= List of United States post offices in Florida =

United States post offices operate under the authority of the United States Post Office Department (1792–1971) or the United States Postal Service (since 1971). Historically, post offices were usually placed in a prominent location and many were architecturally distinctive, including notable buildings featuring Beaux-Arts, Art Deco, and Vernacular architecture. However, modern U.S. post offices were generally designed for functionality rather than architectural style.

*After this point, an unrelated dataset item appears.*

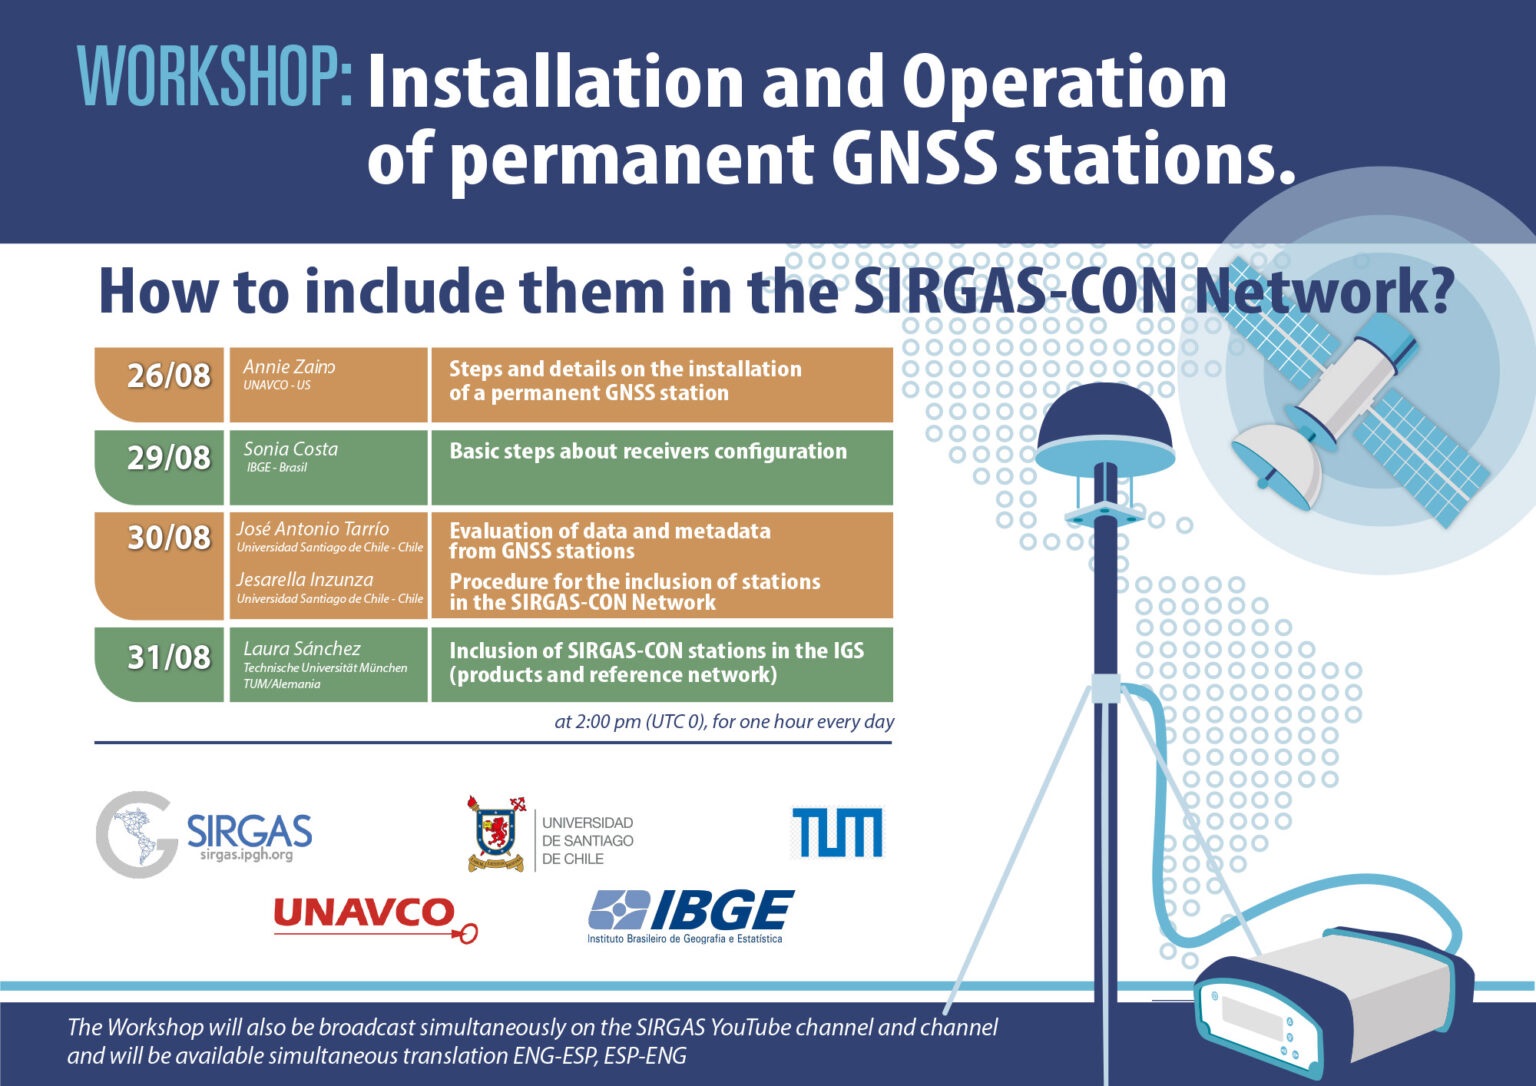 Workshop “Installation and operation of permanent GNSS stations. How to include them in SIRGAS-CON?”
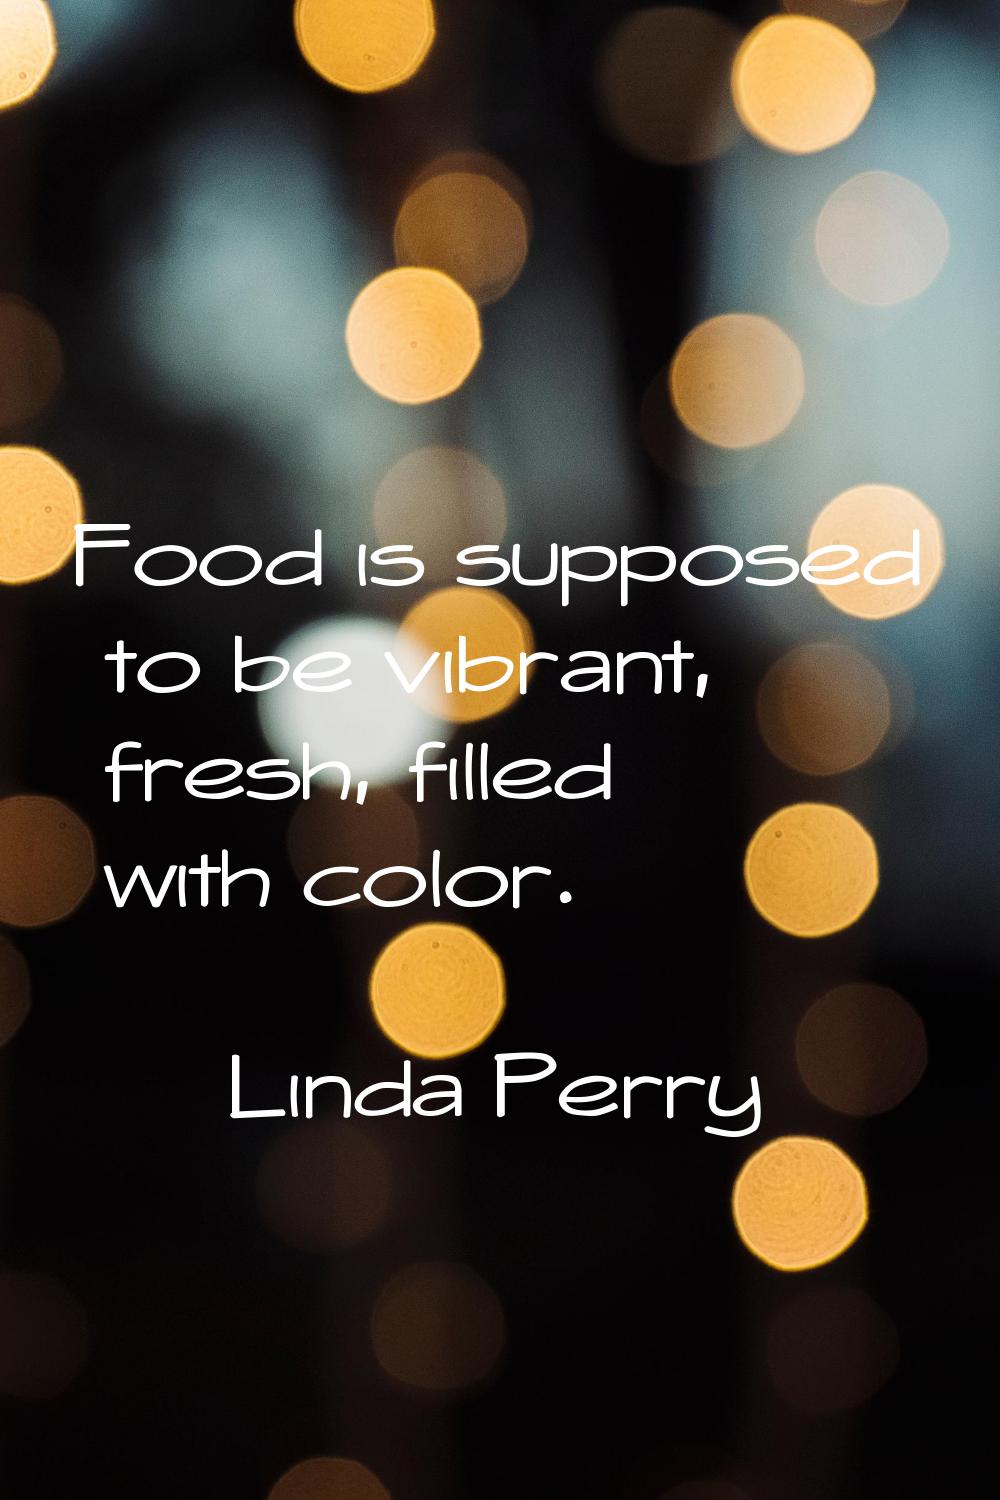 Food is supposed to be vibrant, fresh, filled with color.

Following is a list of United States post offices in Florida. Notable post offices include individual buildings, whether still in service or not, which have architectural, historical, or community-related significance. Many of these are listed on the National Register of Historic Places (NRHP) or state and local historic registers.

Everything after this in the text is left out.